Revenge of the Pangolin

What on earth is a Pangolin?

I had never heard of one, until my dear cousin, Jeff Salz, sent me this article that he has recently published.
Jeff is a guy with a colorful and interesting past, having experienced a wide array of many ‘near death’ situations in his time. Here’s the article which I hope you will enjoy reading.

Do let me know what you think about it. To me, it sheds yet another light to ponder on with regard to the coronavirus COVID 19 pandemic that we’re all, globally, part of today.

Stay Safe
Stay in Place
Cover your Face
This too will Pass

 

Dr Jeff Salz Across Worlds

Dr Jeff Salz Across Worlds

Revenge of the Pangolin

Corona Time with the ‘World’s Most Unusual Mammal

It’s only a tragedy if nothing changes.

Pangolin

While ultimate blame has not been assigned for the source of our current pandemic, one unusual animal remains the primary suspect.  If found guilty, there will never have been a perpetrator more innocent.

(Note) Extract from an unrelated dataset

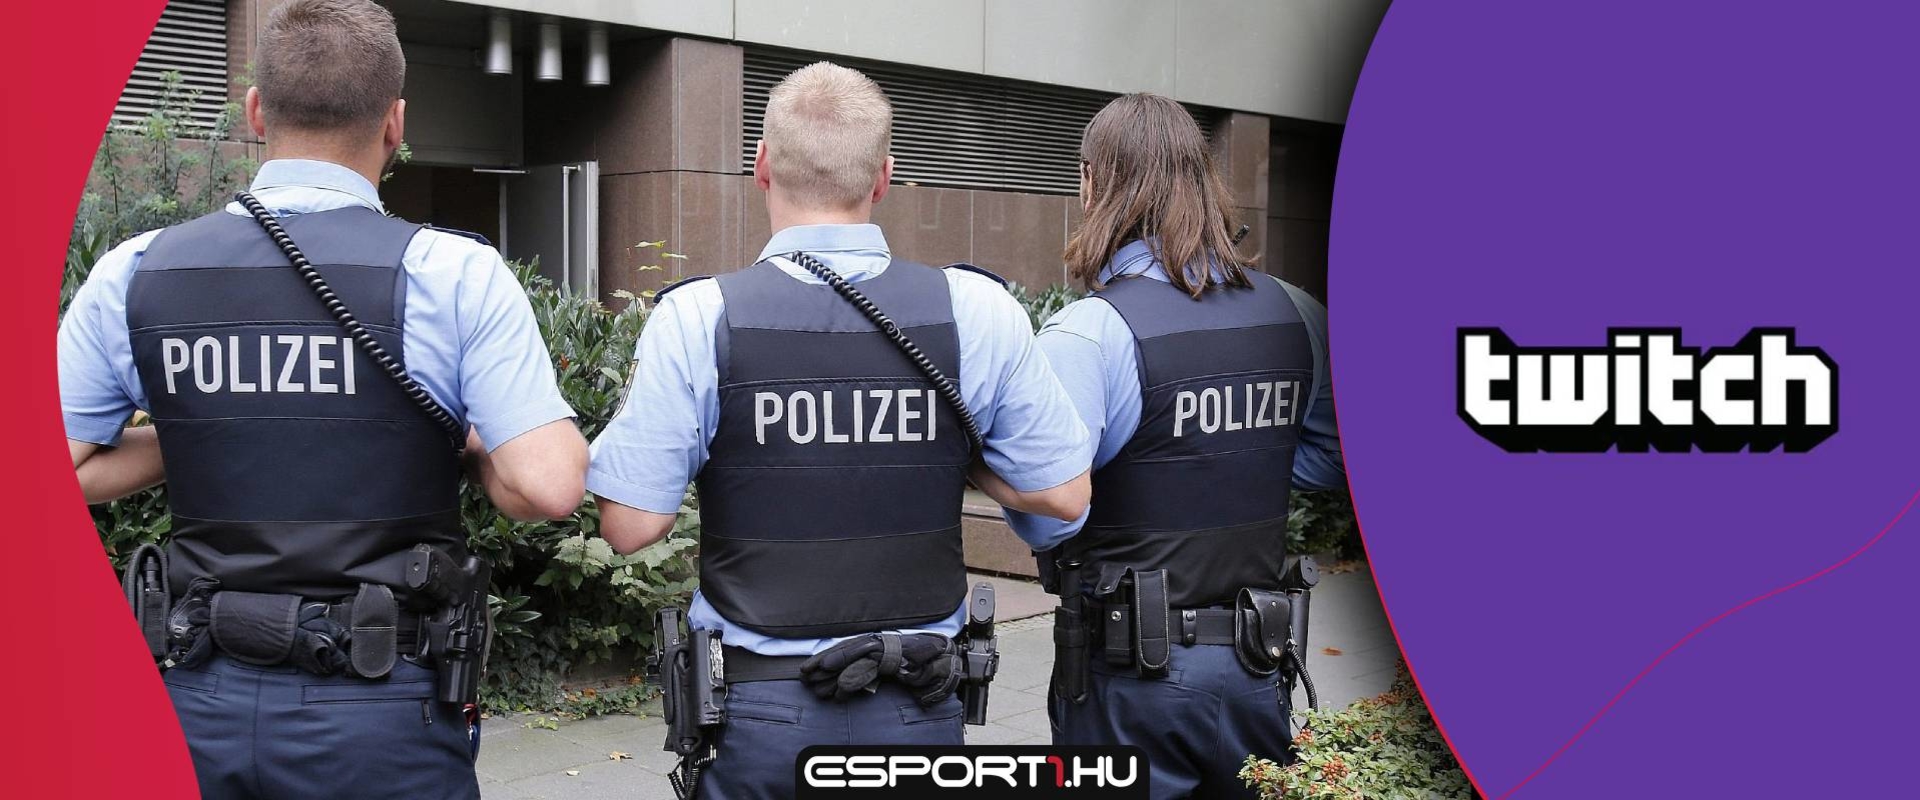 Twitchen, CS:GO kategóriában közvetítette ámokfutását a németországi gyilkos
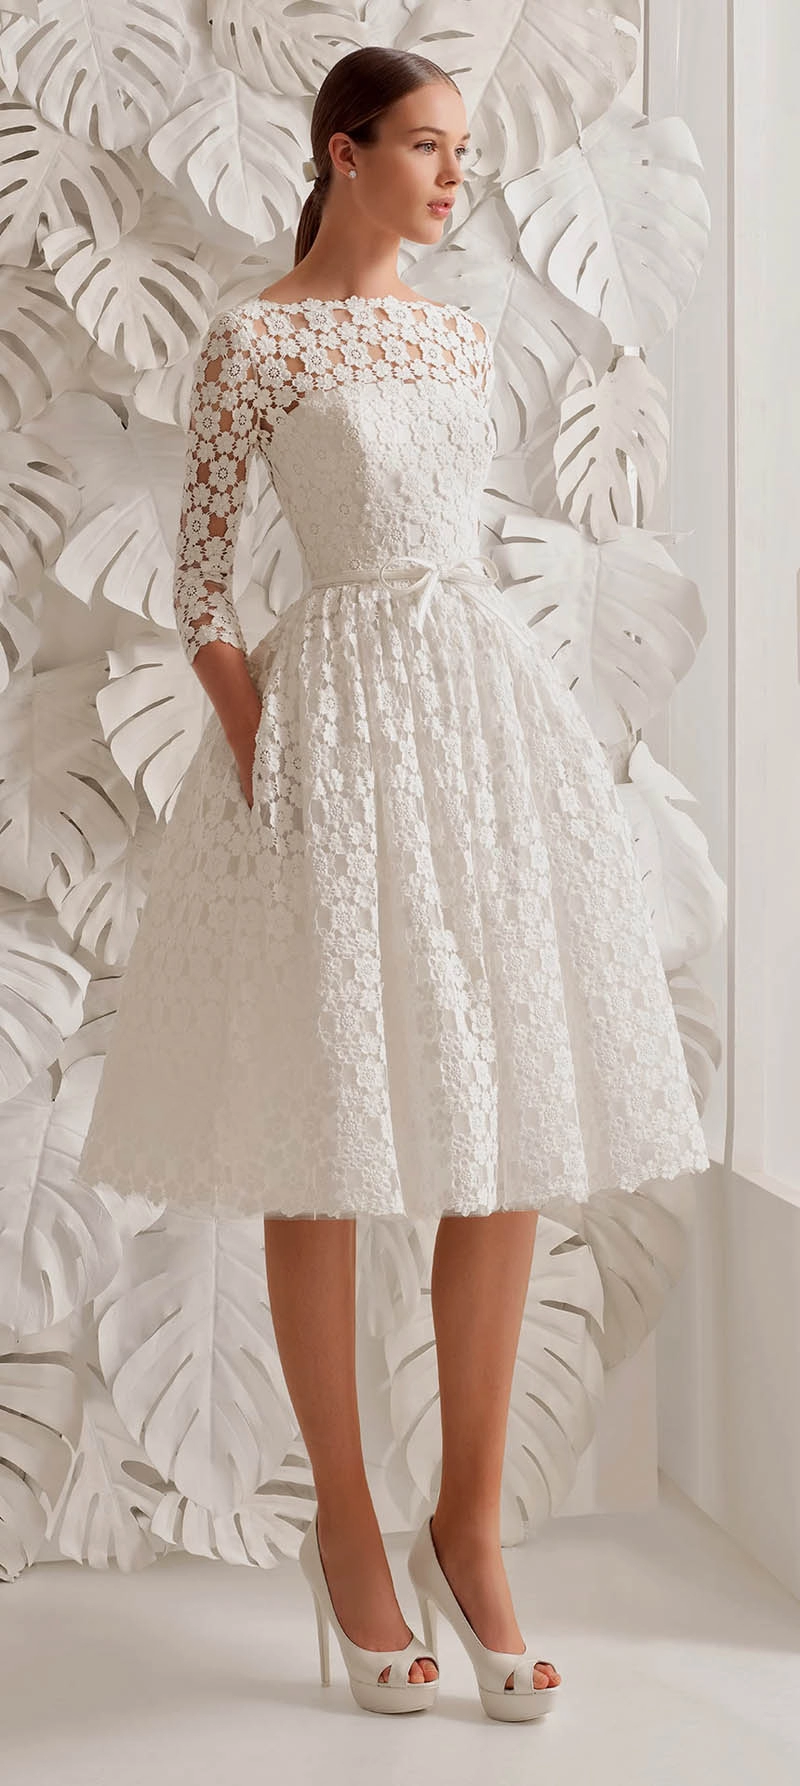 Váy cưới ngắn được yêu thích đặc biệt vì chẳng nặng cũng không bẩn vì mưa

The pangolin is so non-aggressive that it doesn’t even have teeth. Instead, it picks up insects with a sticky tongue longer than its entire body – including its elongated, snouty head.  It’s only mammal covered from head to toes in scales, the scales that are the gentle pangolin’s only defense. Feeling threatened it curls itself into a spiny ball – until it resembles something like a giant artichoke – emits a stinky fluid from its posterior and hopes for the best (don’t try this at home).

Timid loners, pangolin’s social life consists of a handful of meet-ups over course of a lifetime to mate and produce a litter which they raise as a couple for about two years. Sleeping by day in a cozy underground burrow, heading out at night to feast on ants and termites – a pangolin’s existence is solitary and largely uneventful.

Until now.

Newborn Pangolin at the Taipei Zoo

Newborn Pangolin at the Taipei Zoo

In recent years, an onslaught of loggers and farmers has led to extensive deforestation and habitat destruction. The new roadways bring hunters in search of exotic species to harvest for local and international consumption. The money is too good to resist. Pangolin flesh, valued up to $600 a kilogram, is a popular delicacy in the upscale restaurants of China and Vietnam.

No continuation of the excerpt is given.